*** GIVEN MATERIAL ***

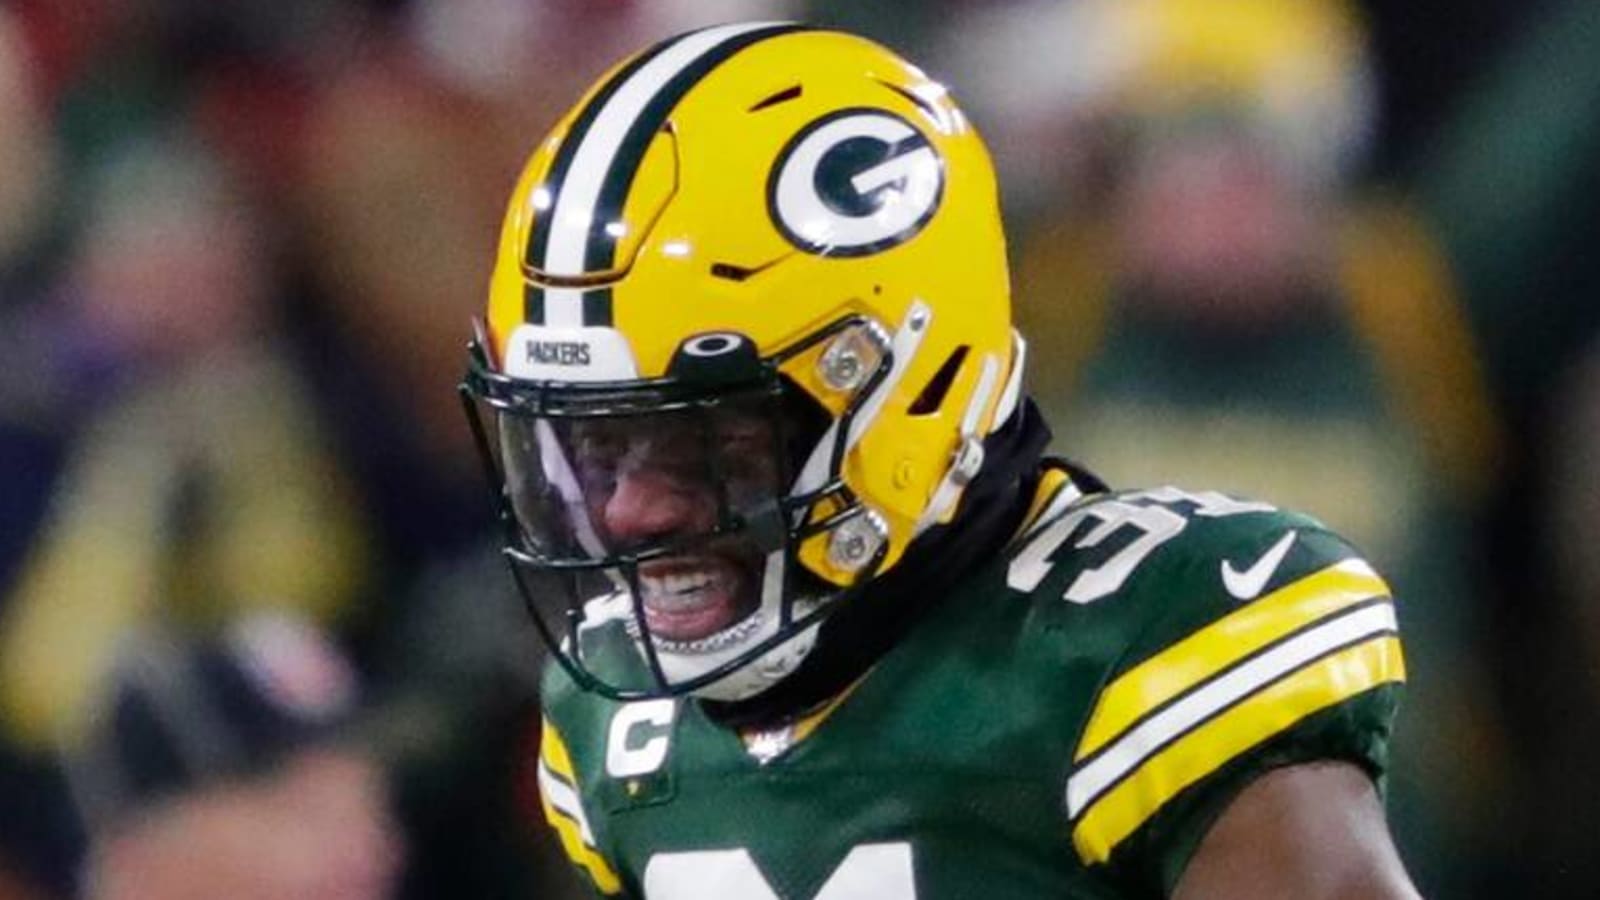 Packers' Amos wants to coach youth football after playing career
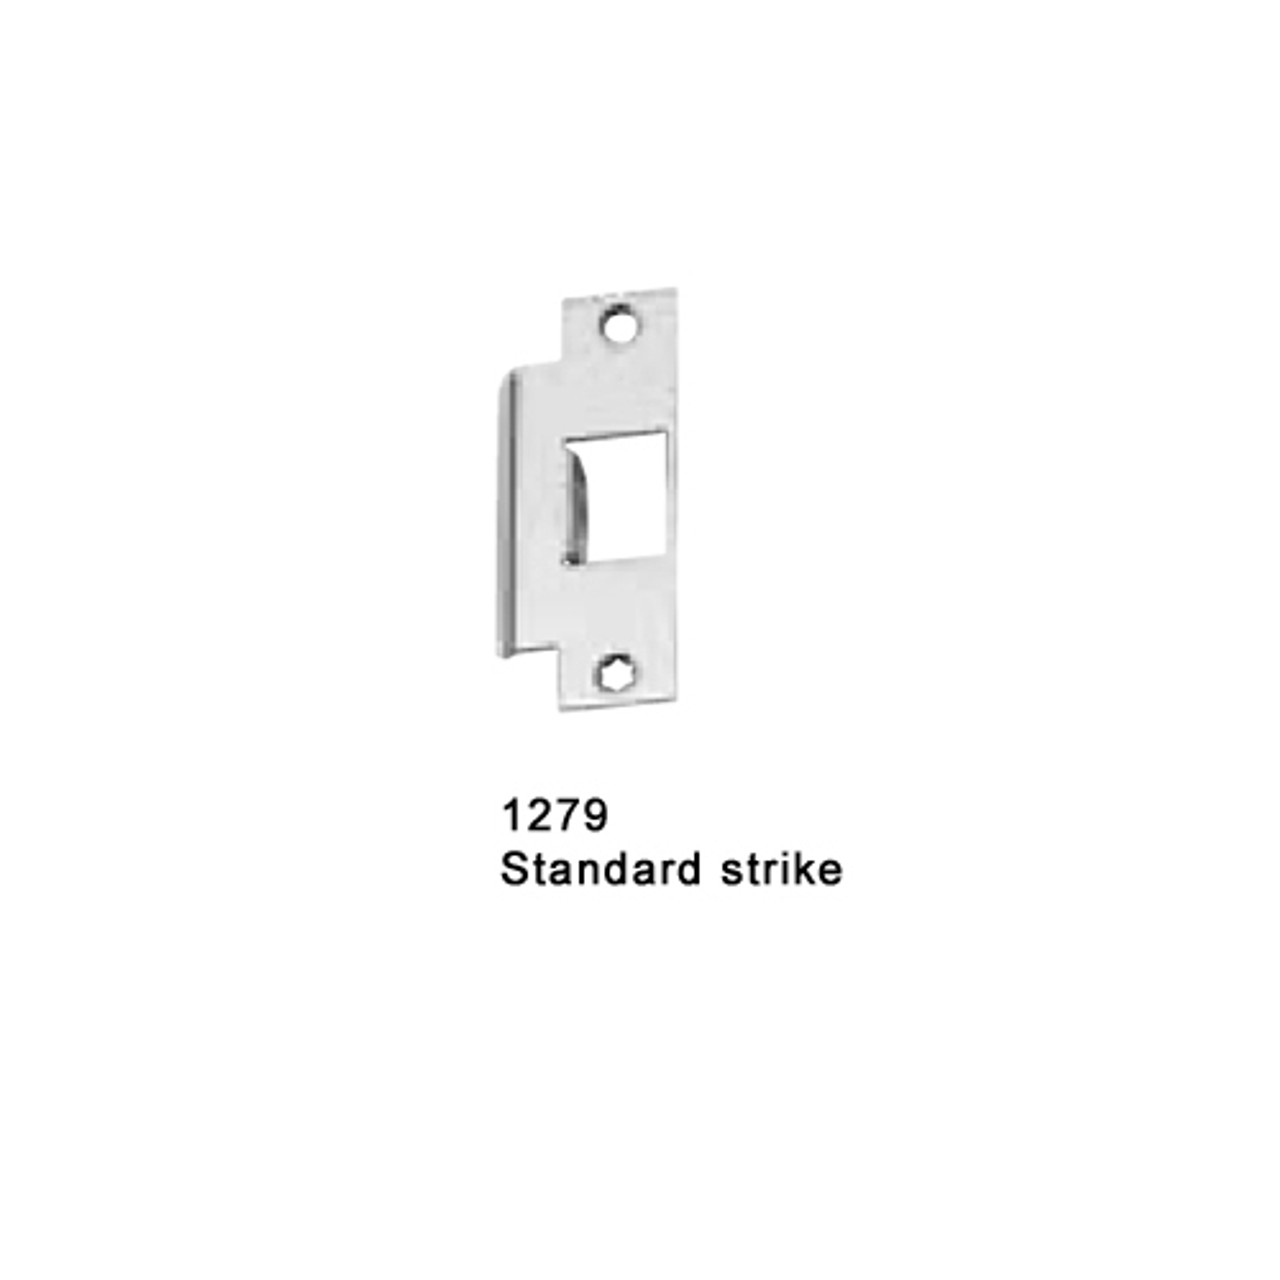 F-25-M-L-DT-Dane-US32D-4-RHR Falcon 25 Series Fire Rated Mortise Lock Devices 510L-DT Dane Lever Trim with Dummy Trim in Satin Stainless Steel
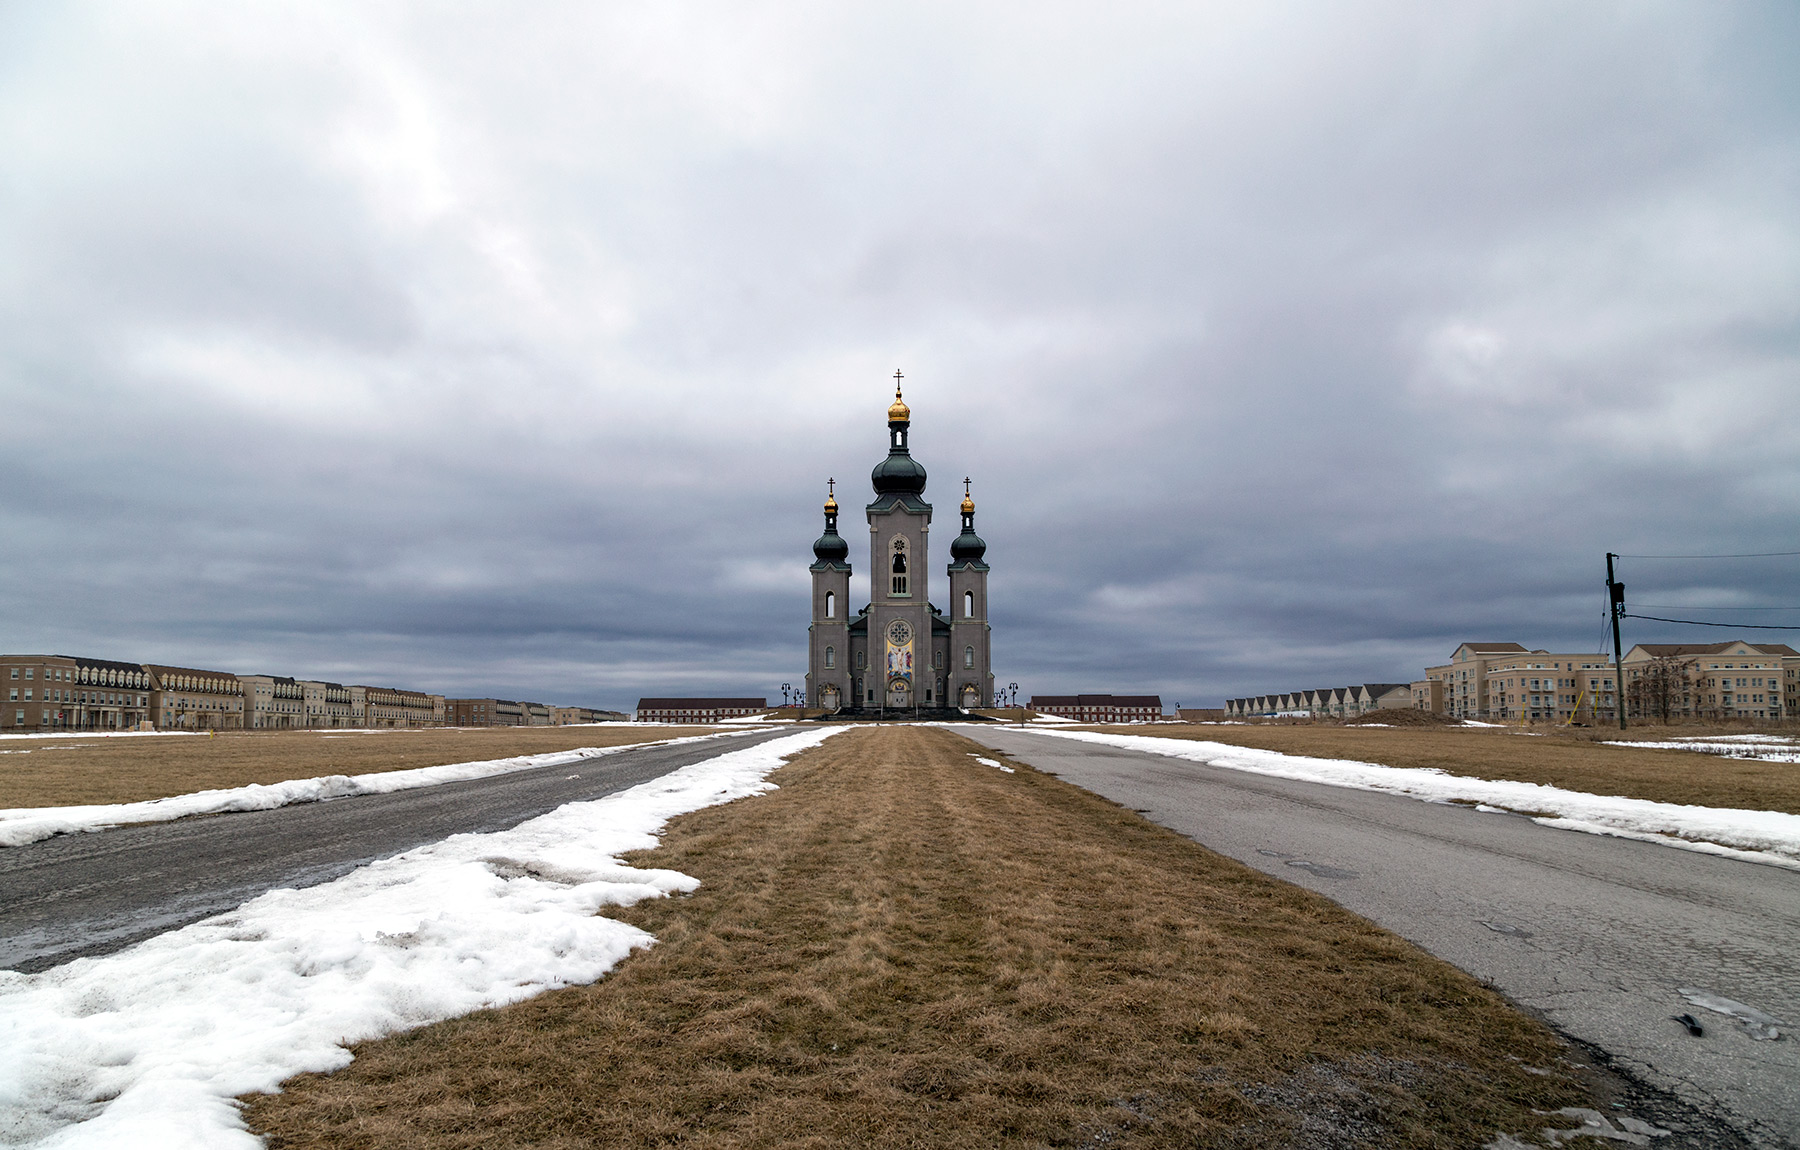 20150315. The Cathedral of the Transfiguration sits empty in the

*** End of GIVEN MATERIAL ***

▶ **AIM OF THE EXERCISE**: Print every line of the data exactly. Pictures do not belong in the copy.

▶ **YOUR RESPONSE**:
 Packers' Amos wants to coach youth football after playing career
 F-25-M-L-DT-Dane-US32D-4-RHR Falcon 25 Series Fire Rated Mortise Lock Devices 510L-DT Dane Lever Trim with Dummy Trim in Satin Stainless Steel
 20150315. The Cathedral of the Transfiguration sits empty in the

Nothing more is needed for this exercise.